Task directions =
All of the listing, from first line to last, should be output exactly; the pictures stay out.

Information supplied =

****

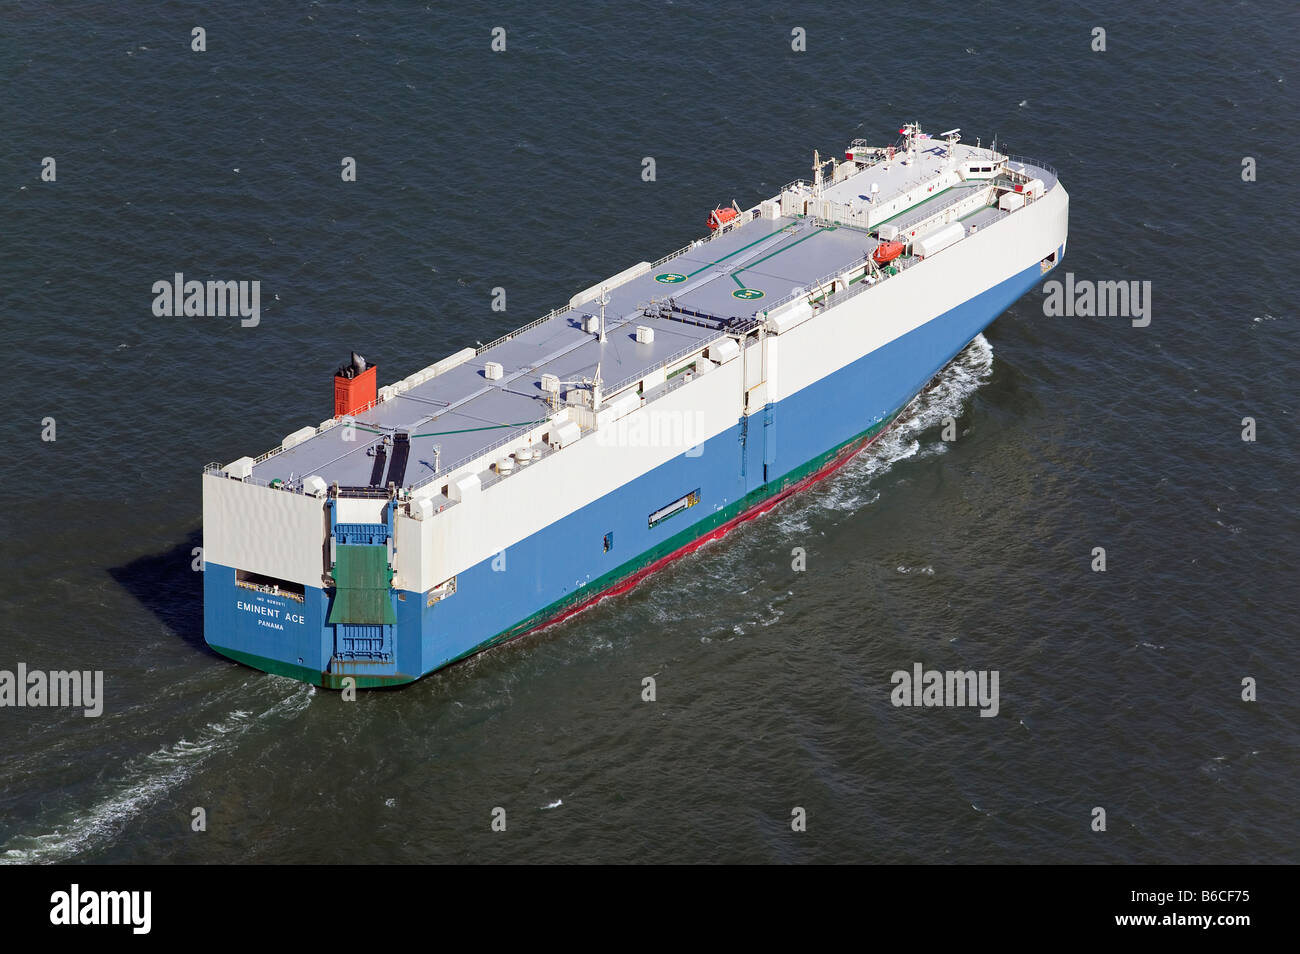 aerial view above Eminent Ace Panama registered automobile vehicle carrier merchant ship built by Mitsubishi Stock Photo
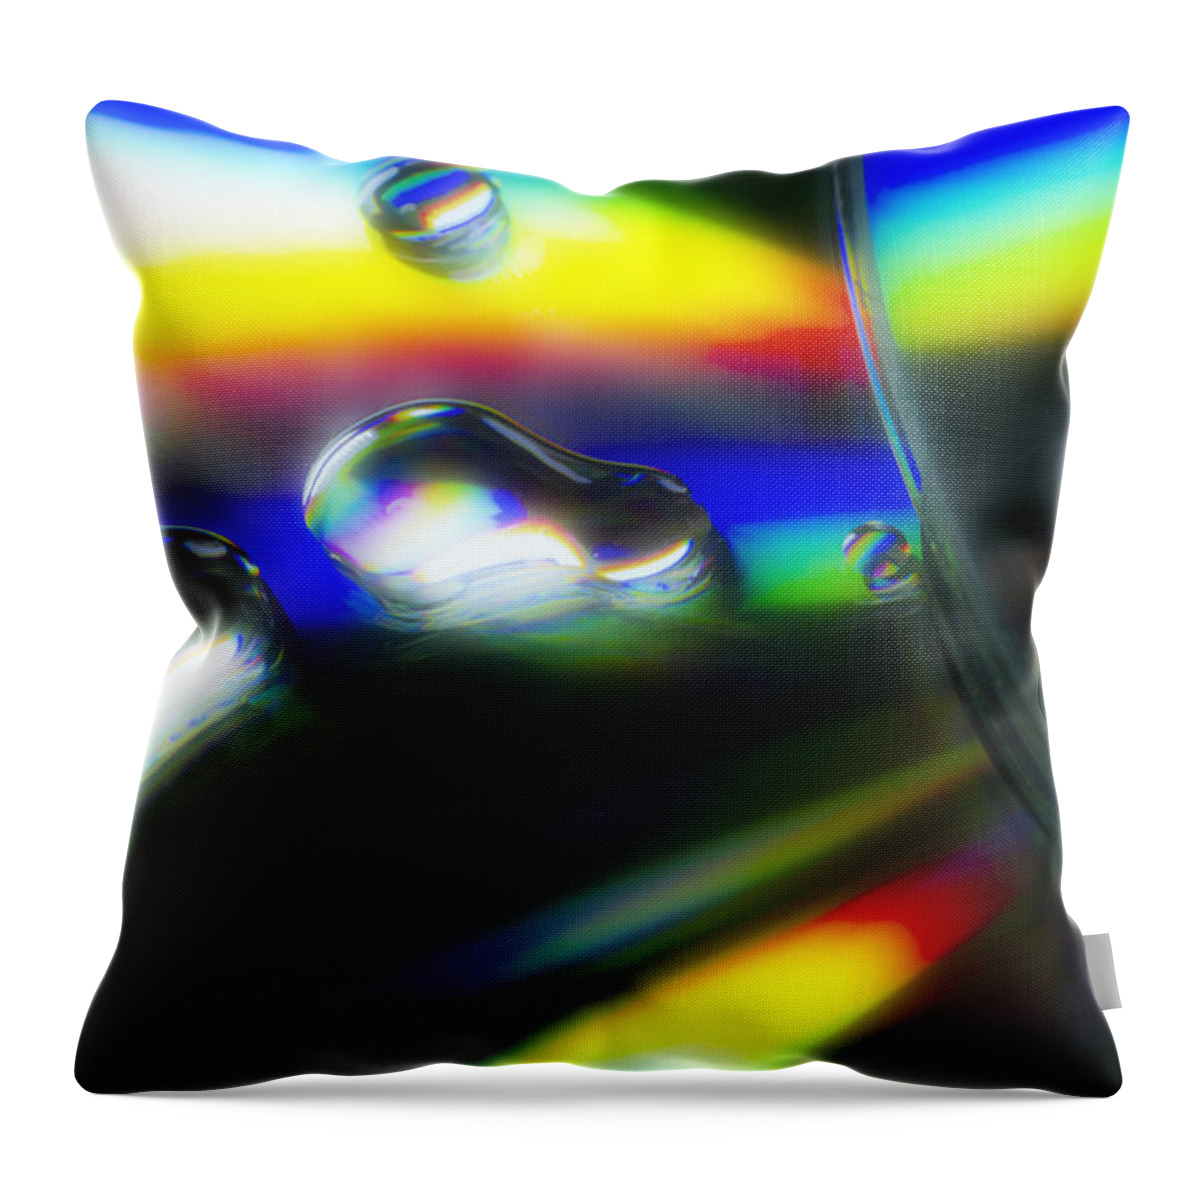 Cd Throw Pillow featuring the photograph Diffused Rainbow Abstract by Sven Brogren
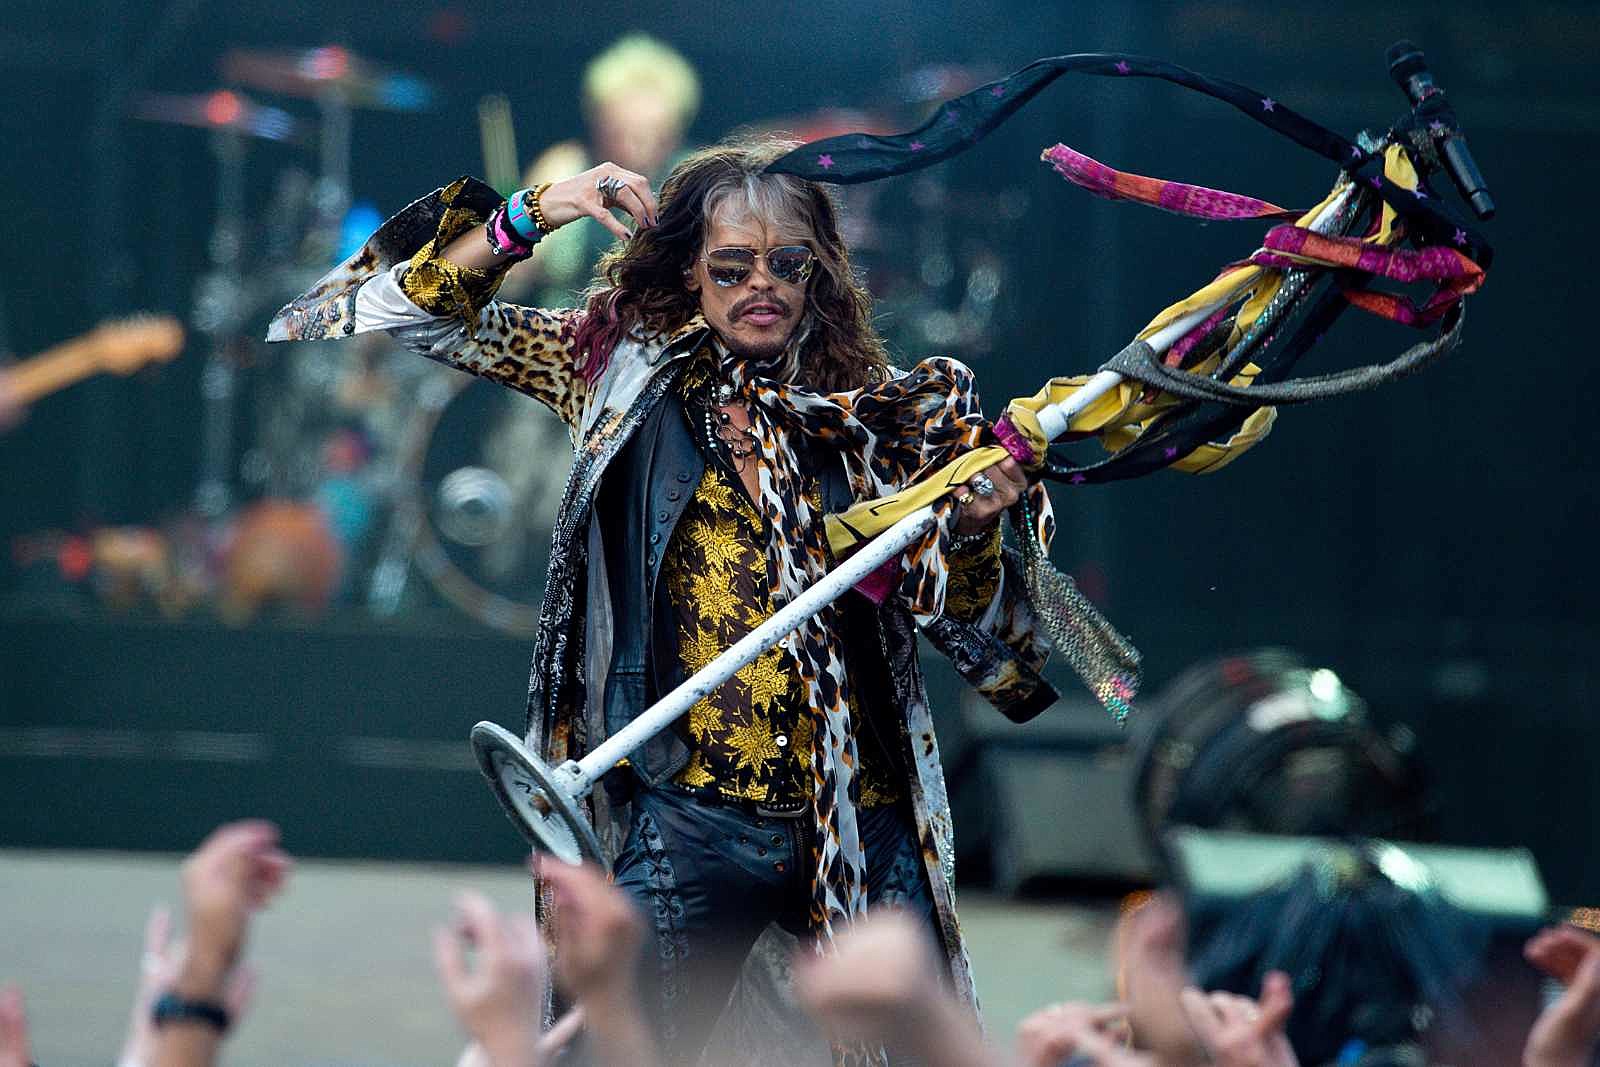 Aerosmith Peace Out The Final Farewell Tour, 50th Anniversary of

****

Your response =
 aerial view above Eminent Ace Panama registered automobile vehicle carrier merchant ship built by Mitsubishi Stock Photo
 Cd Throw Pillow featuring the photograph Diffused Rainbow Abstract by Sven Brogren
 Aerosmith Peace Out The Final Farewell Tour, 50th Anniversary of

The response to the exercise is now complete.